::: AVAILABLE DATA

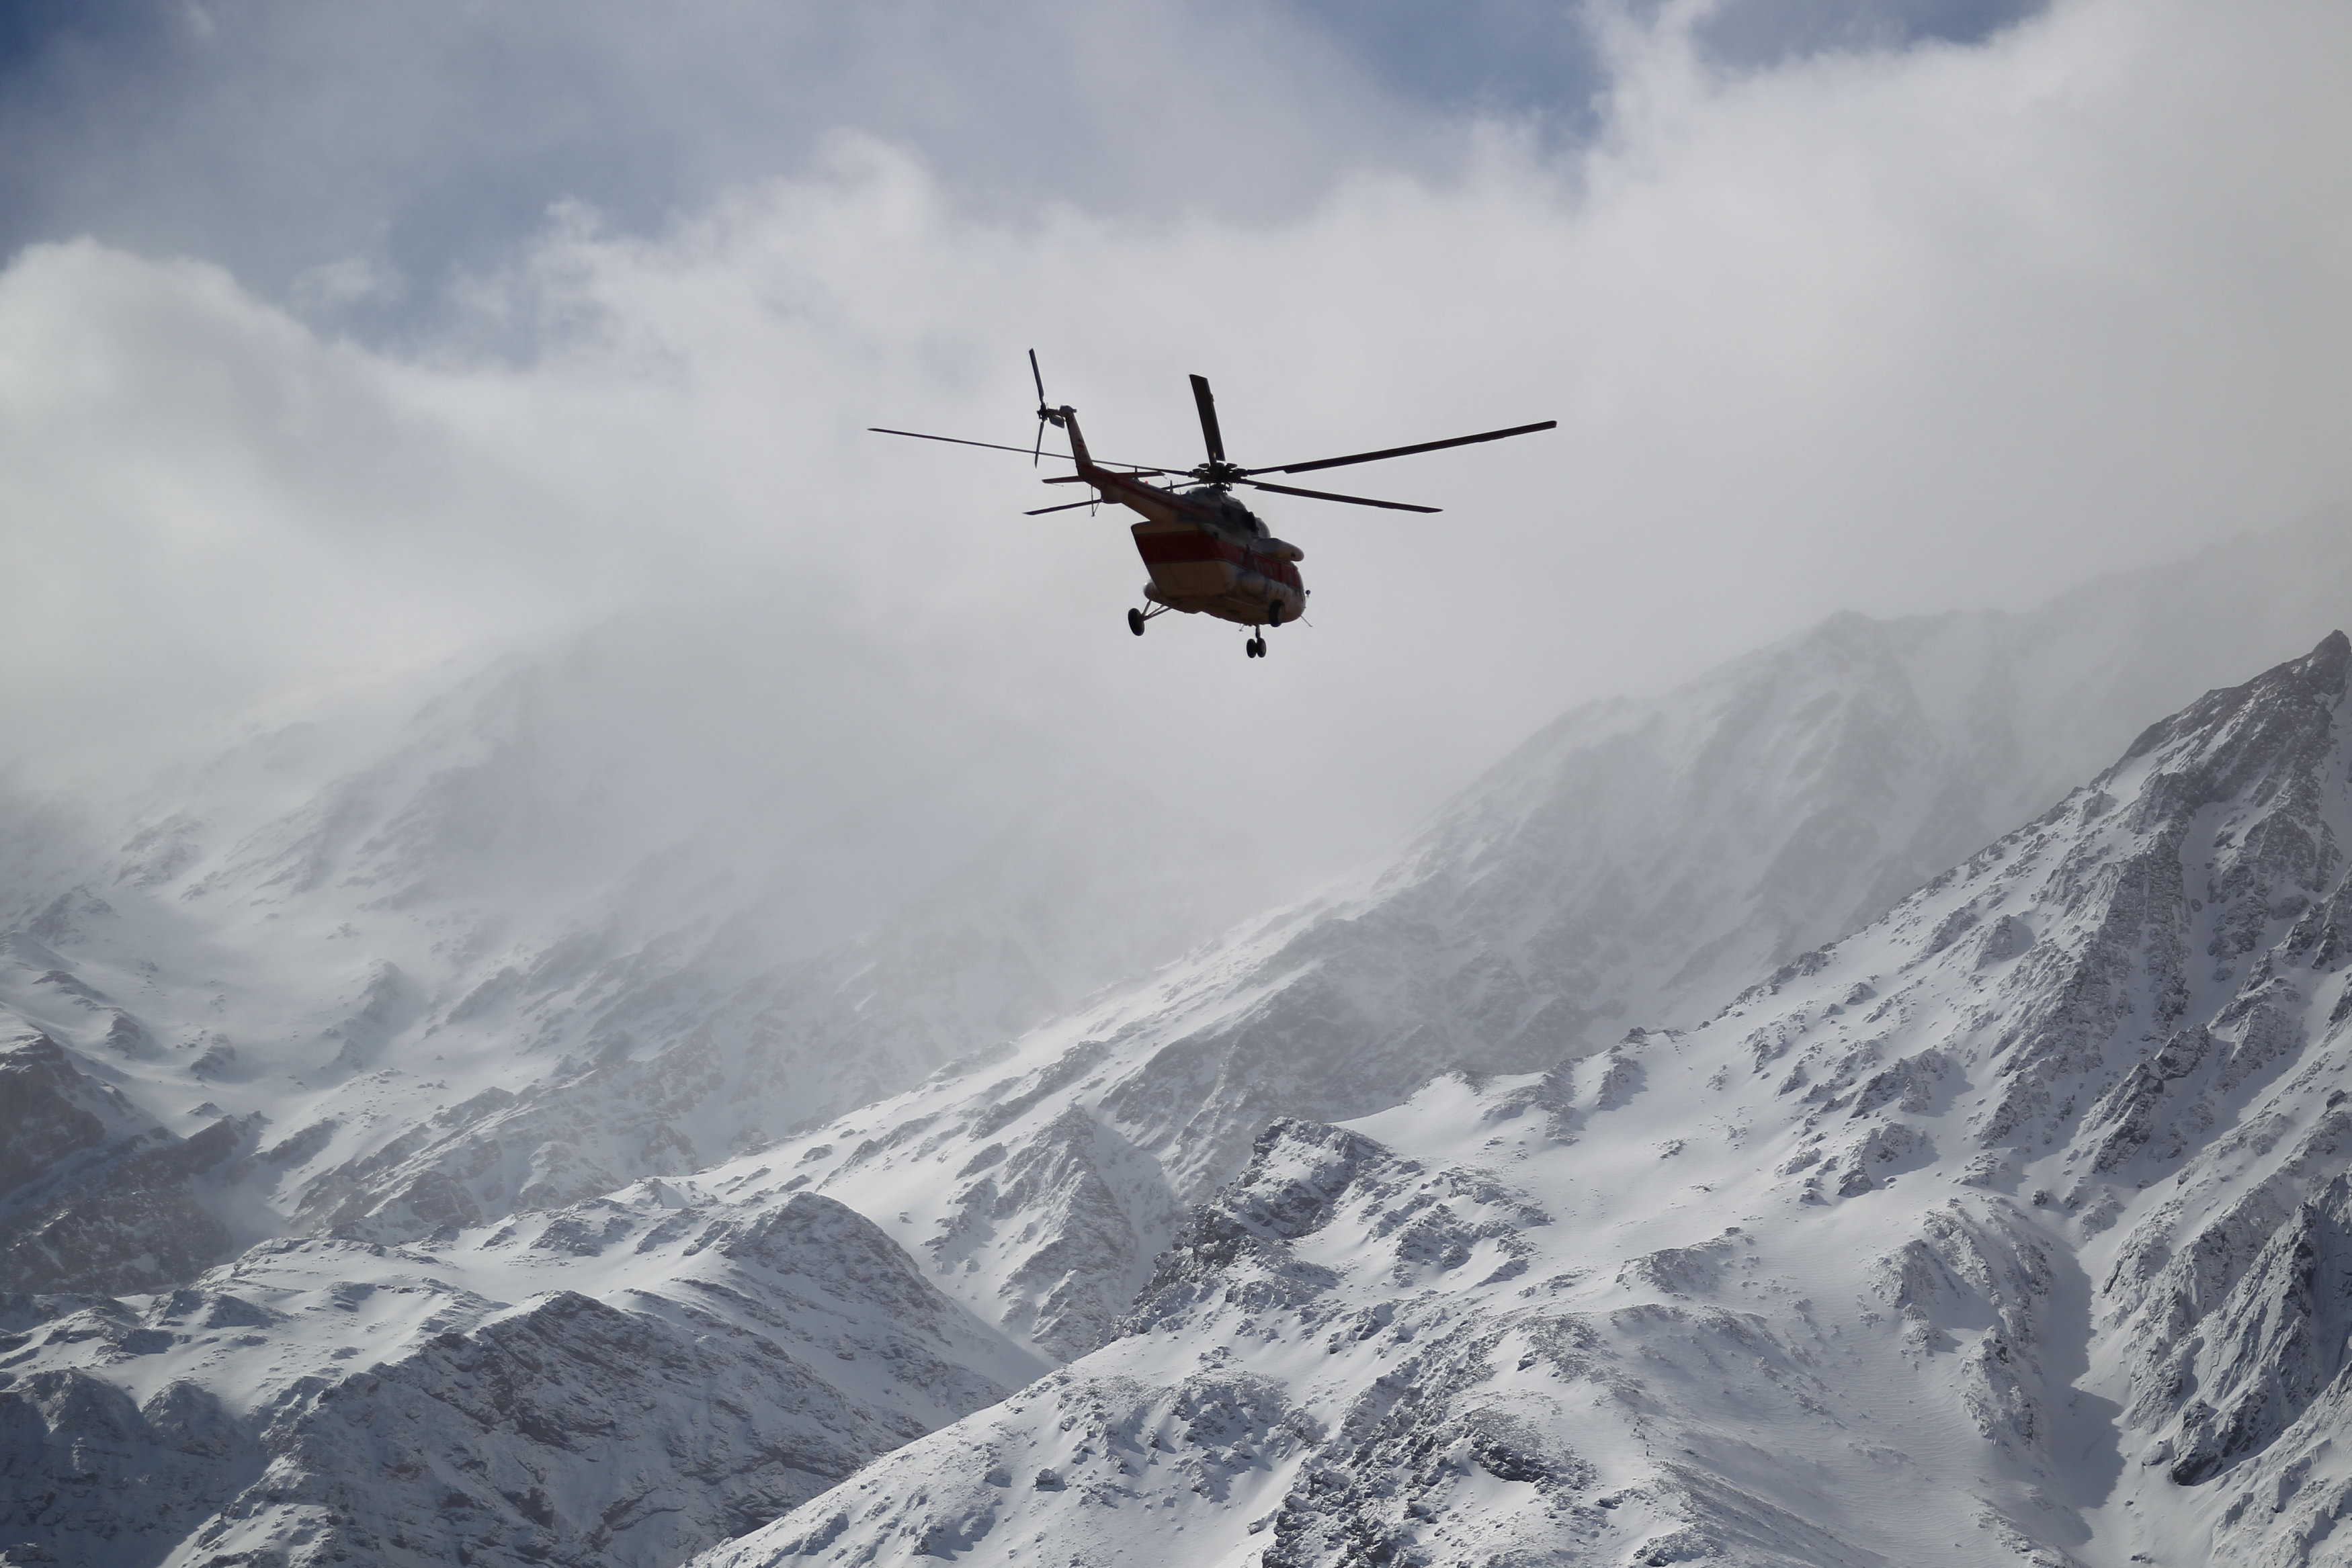 Emergency and rescue helicopter searches for the plane that crashed in a mountainous area of central Iran
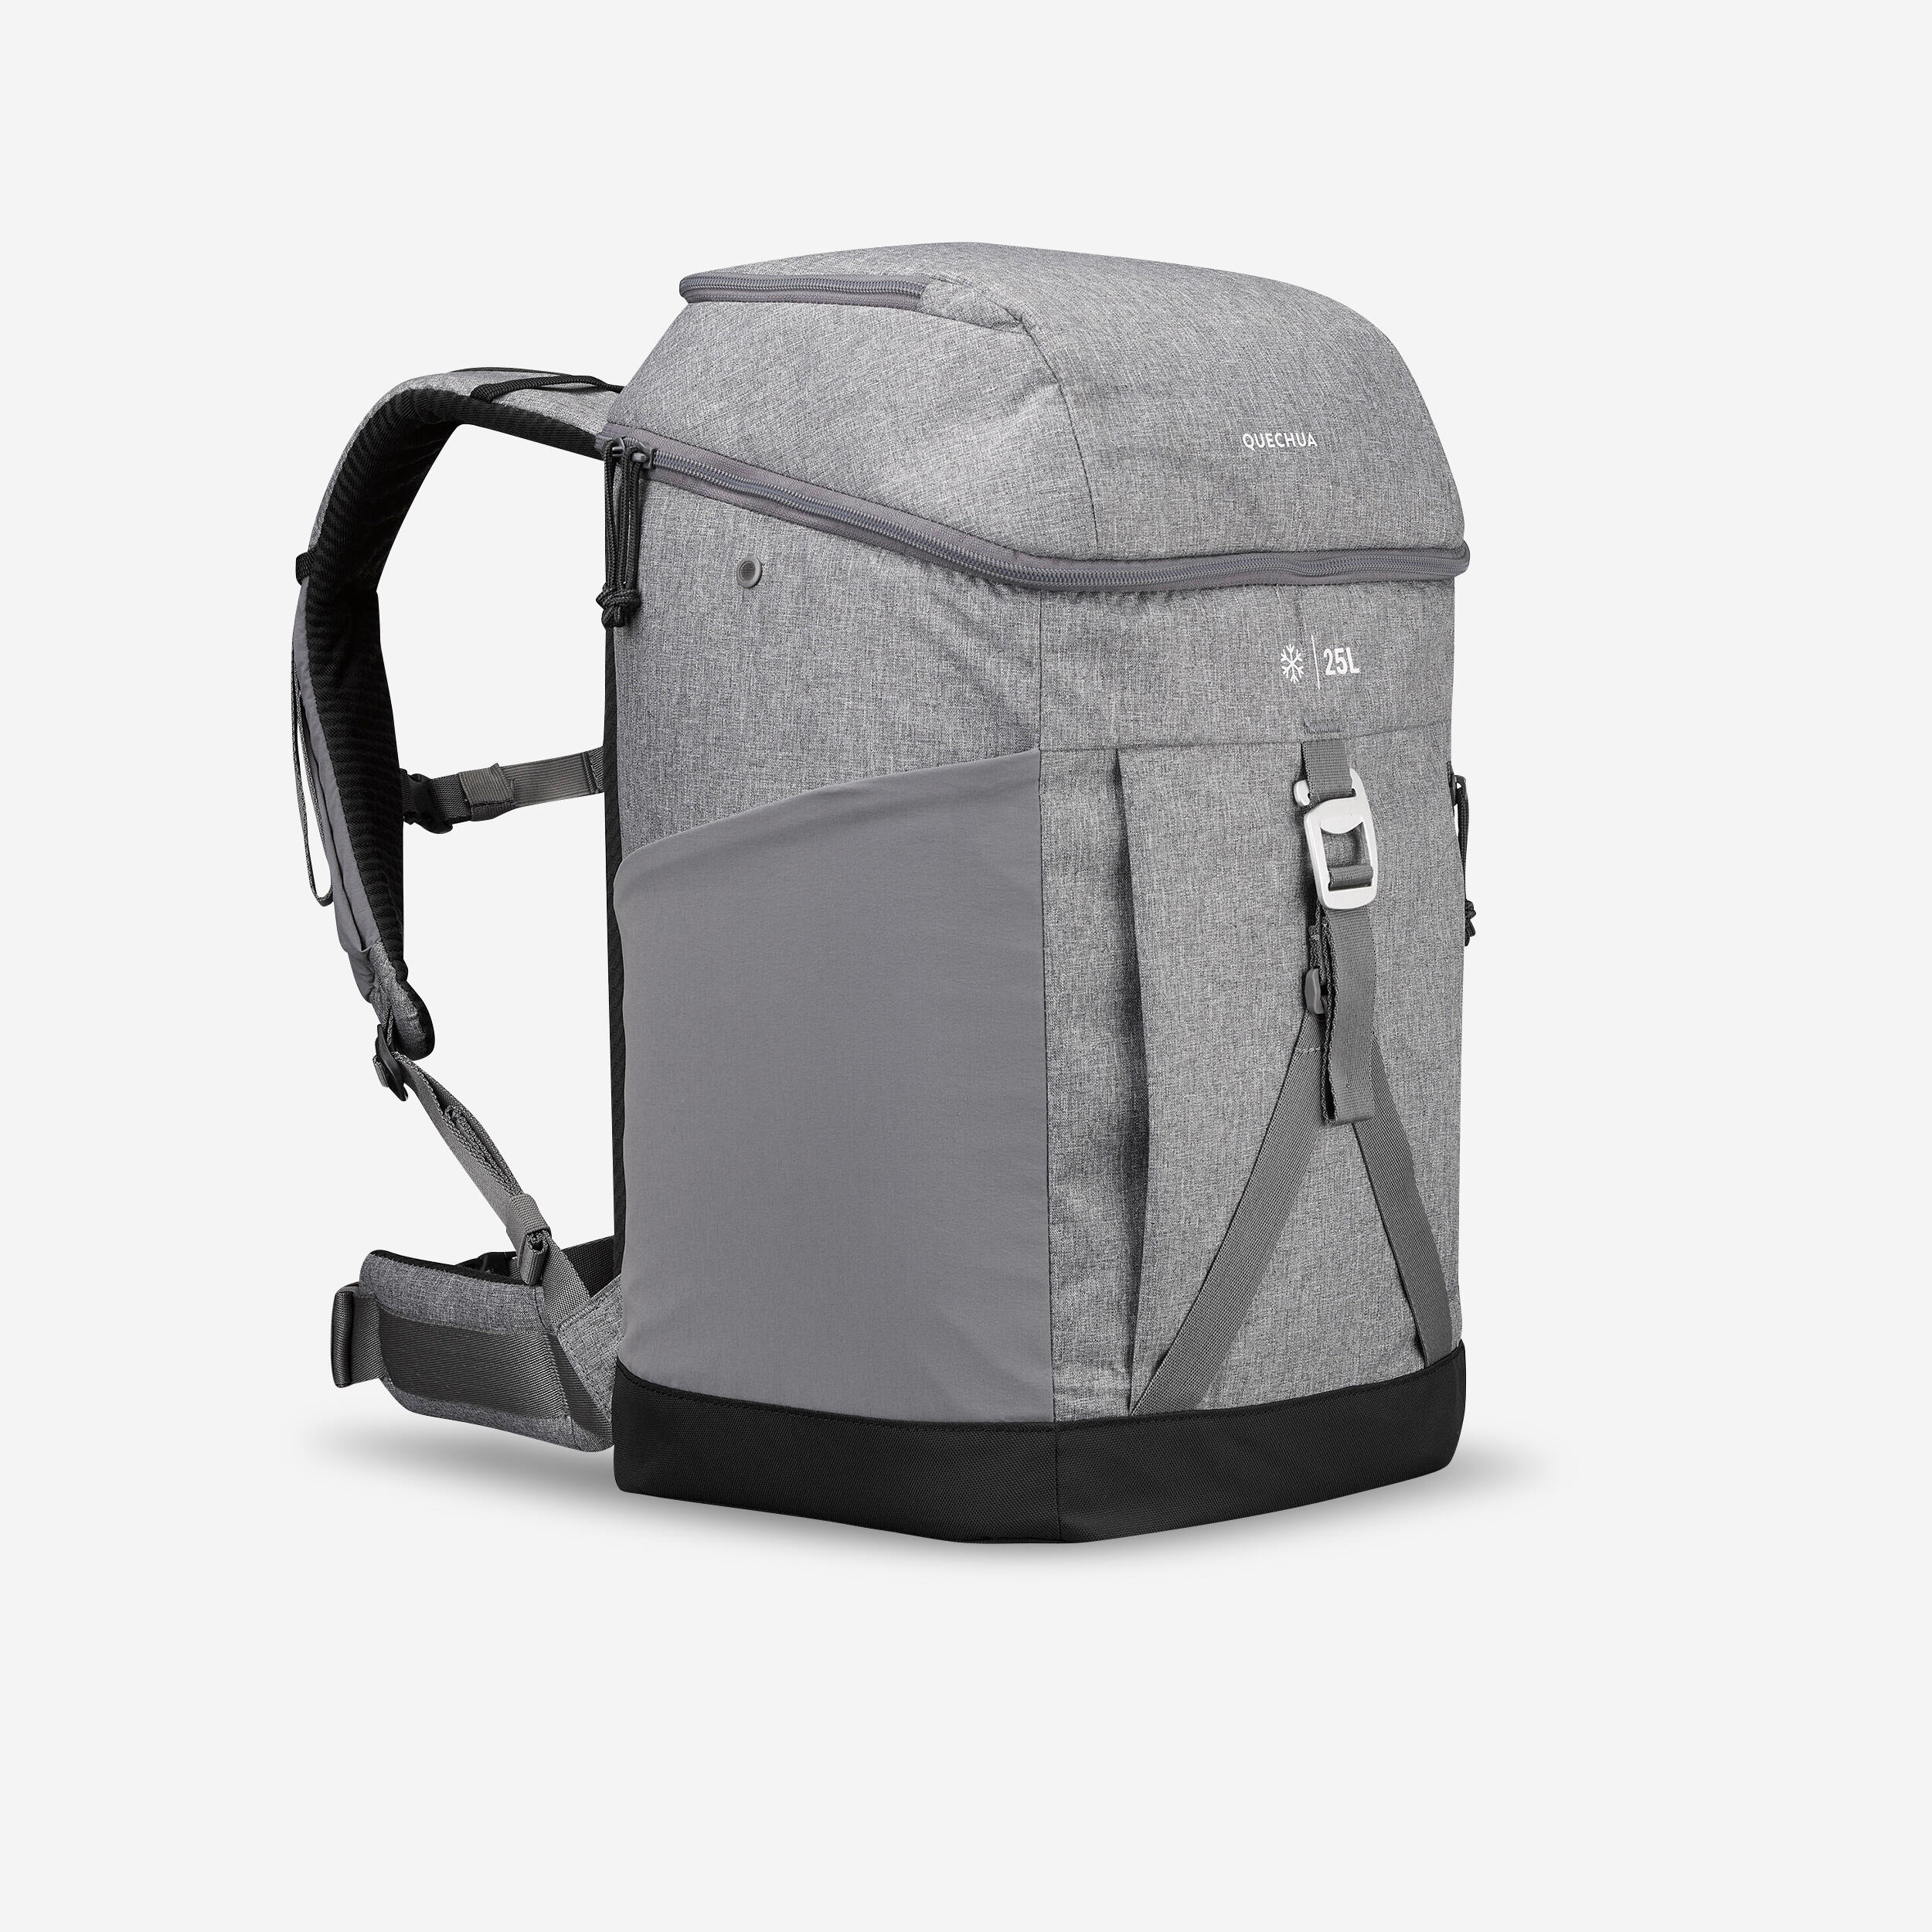 sac à dos isotherme 25l - nh500 ice compact - quechua
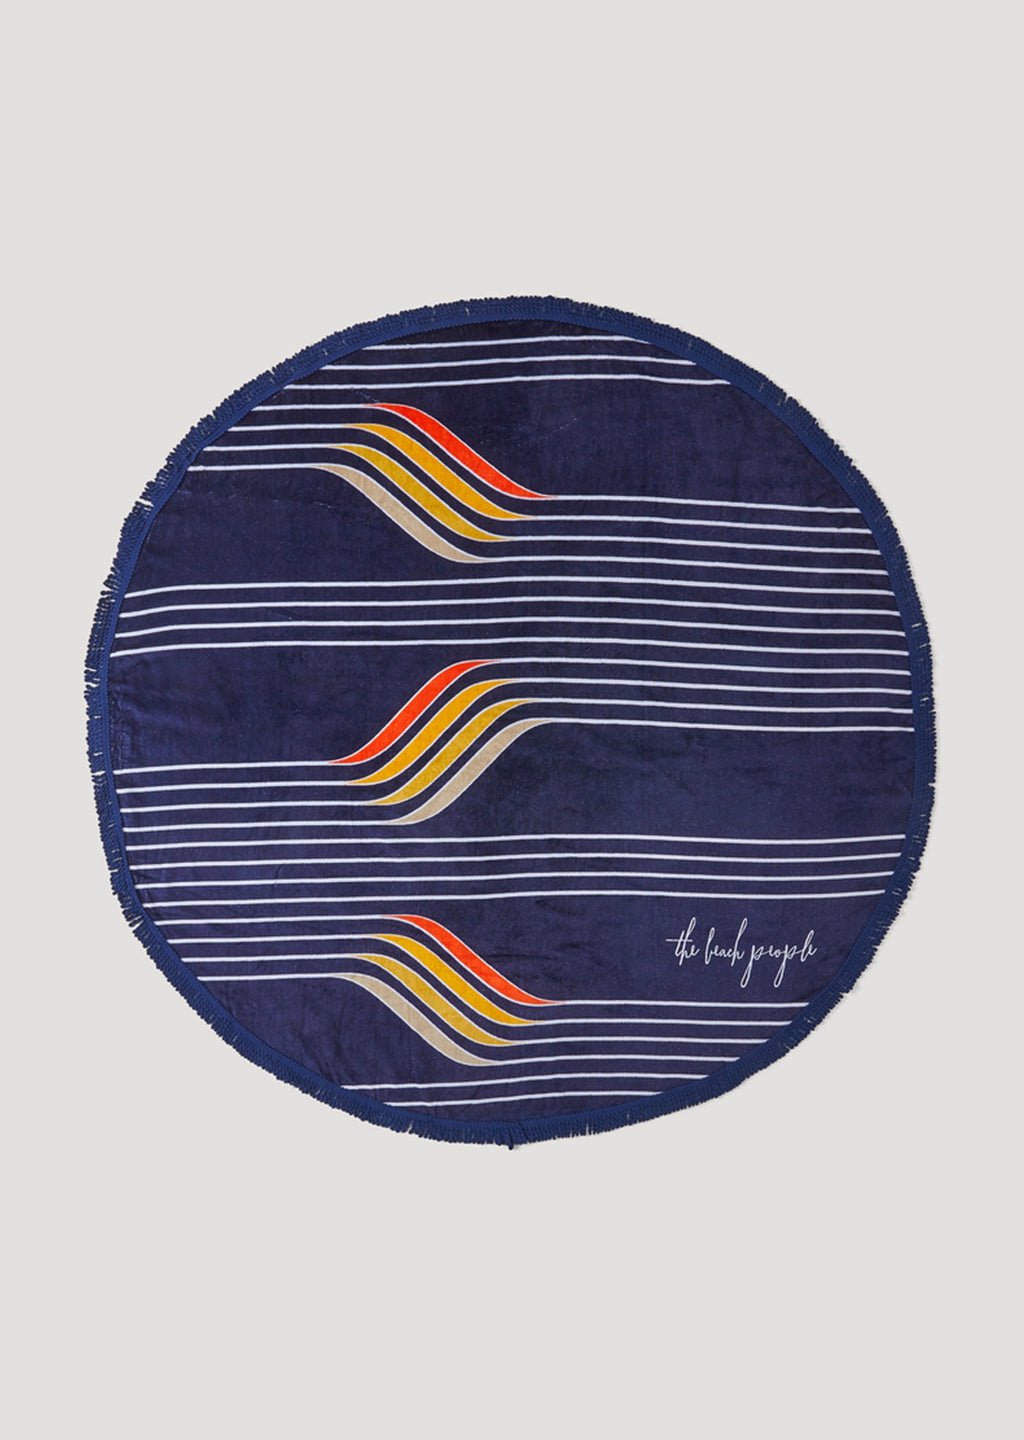 Starboard Round Towel - The Beach People

::::::

▶ DESCRIPTION OF THE TASK
With pictures excluded, output the listing above exactly as it stands.

▶ OUTPUT OF THE EXERCISE
 Emergency and rescue helicopter searches for the plane that crashed in a mountainous area of central Iran
 sac à dos isotherme 25l - nh500 ice compact - quechua
 Starboard Round Towel - The Beach People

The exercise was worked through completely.